Required work. Set down all of the data that follows word for word, without the images.
BEGIN Given data
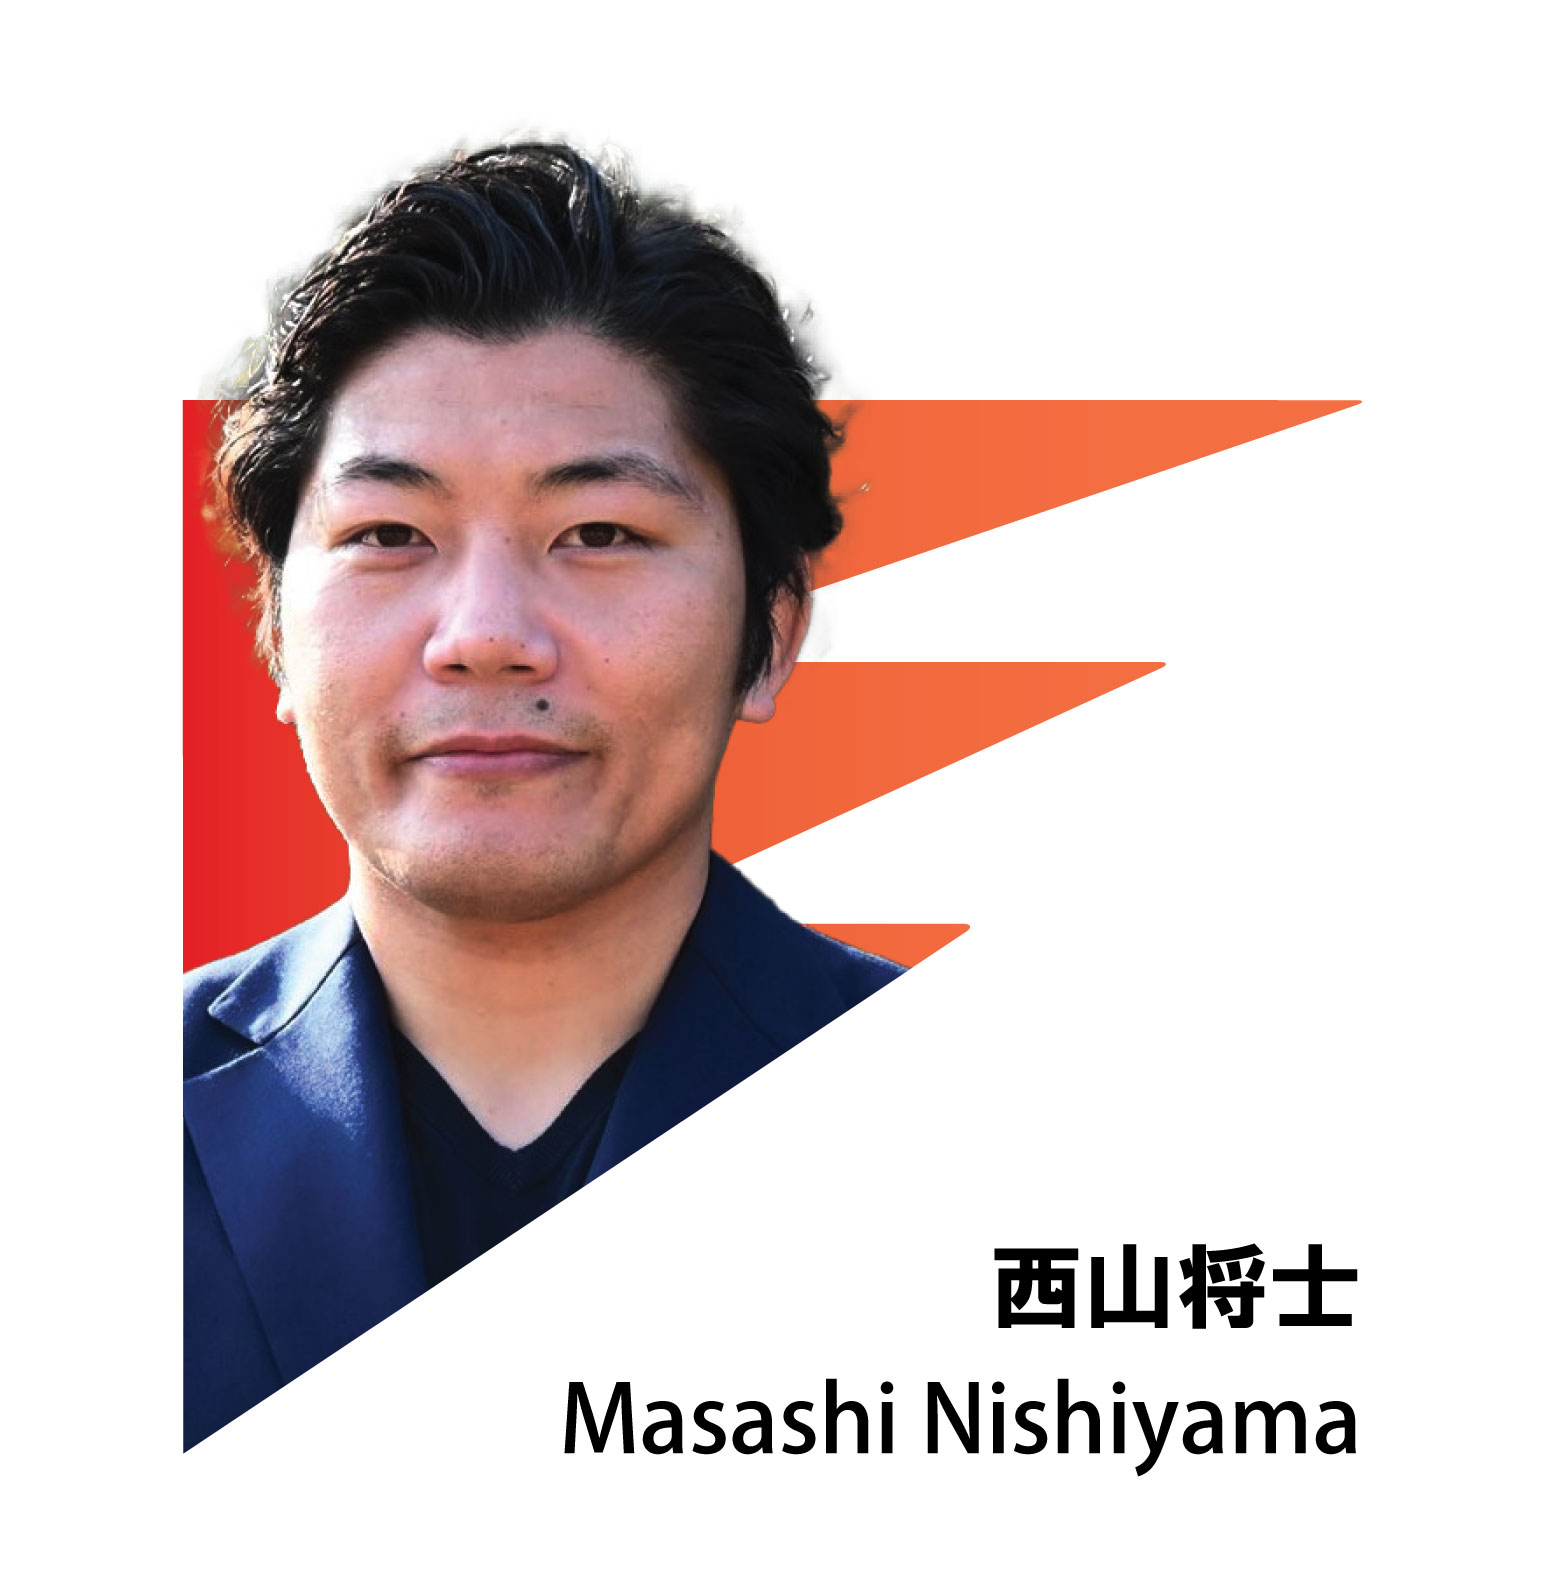 MASASHI NISHIYAMA
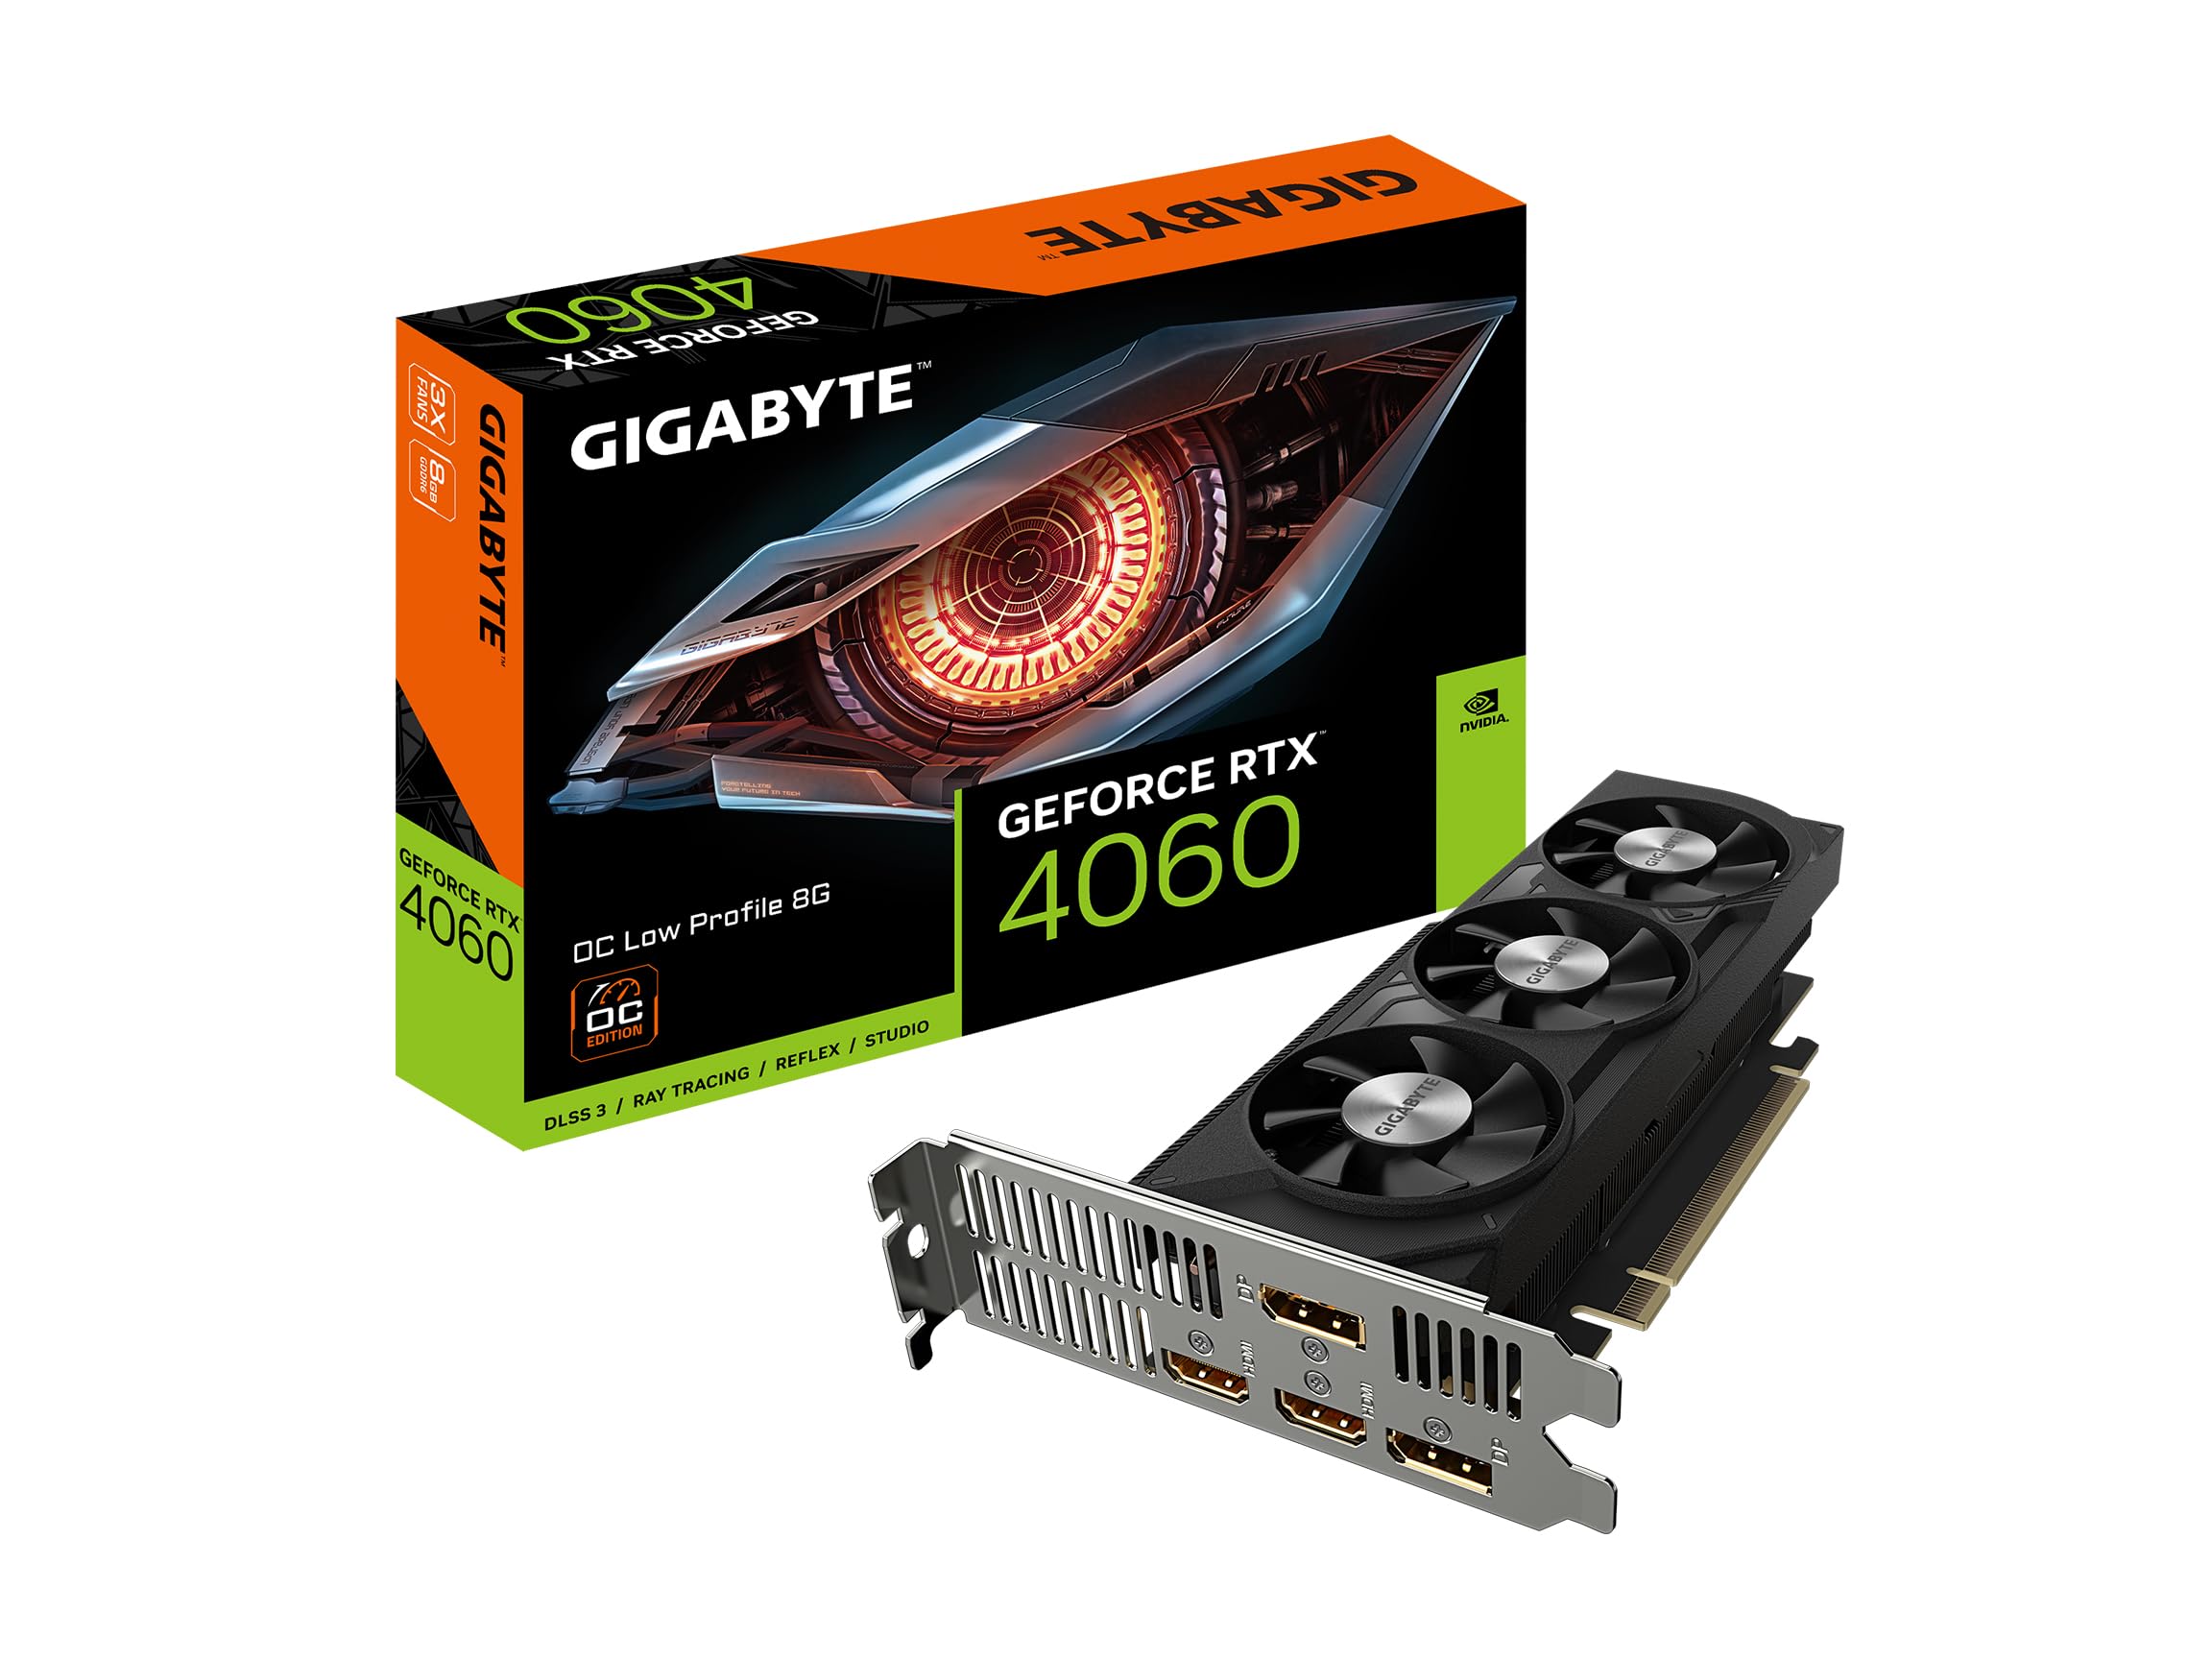 Gigabyte GeForce RTX 4060 OC ロープロファイル 8G グラフィックカード WINDFORCEファン 3倍 8GB 128ビット
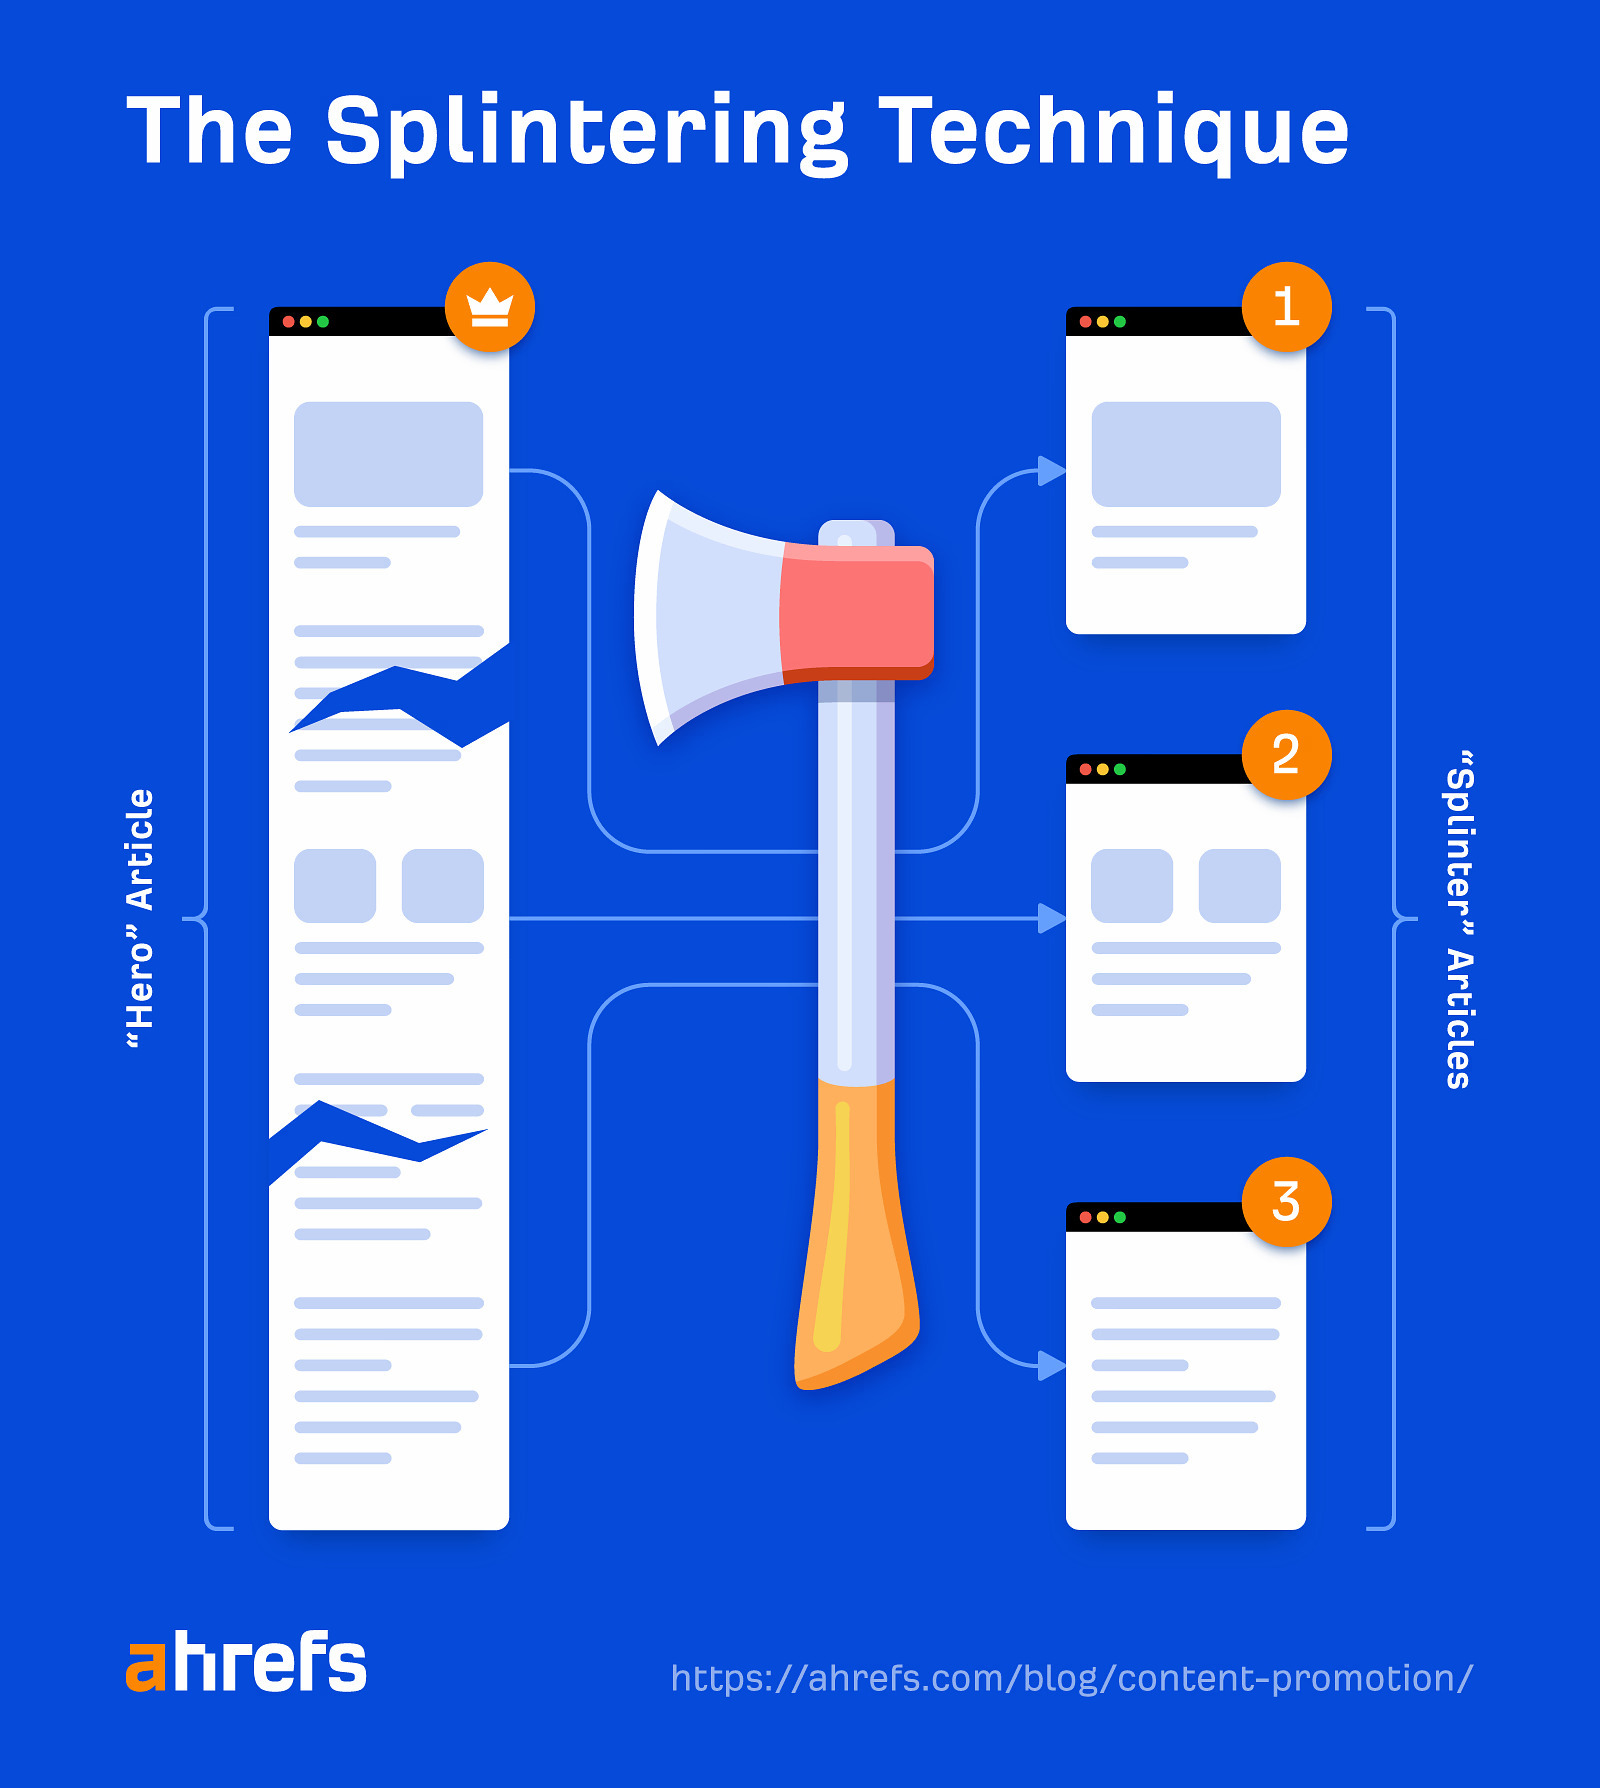 The Splintering Technique
END Given data
Result for this task.
 MASASHI NISHIYAMA
 Gigabyte GeForce RTX 4060 OC ロープロファイル 8G グラフィックカード WINDFORCEファン 3倍 8GB 128ビット
 The Splintering Technique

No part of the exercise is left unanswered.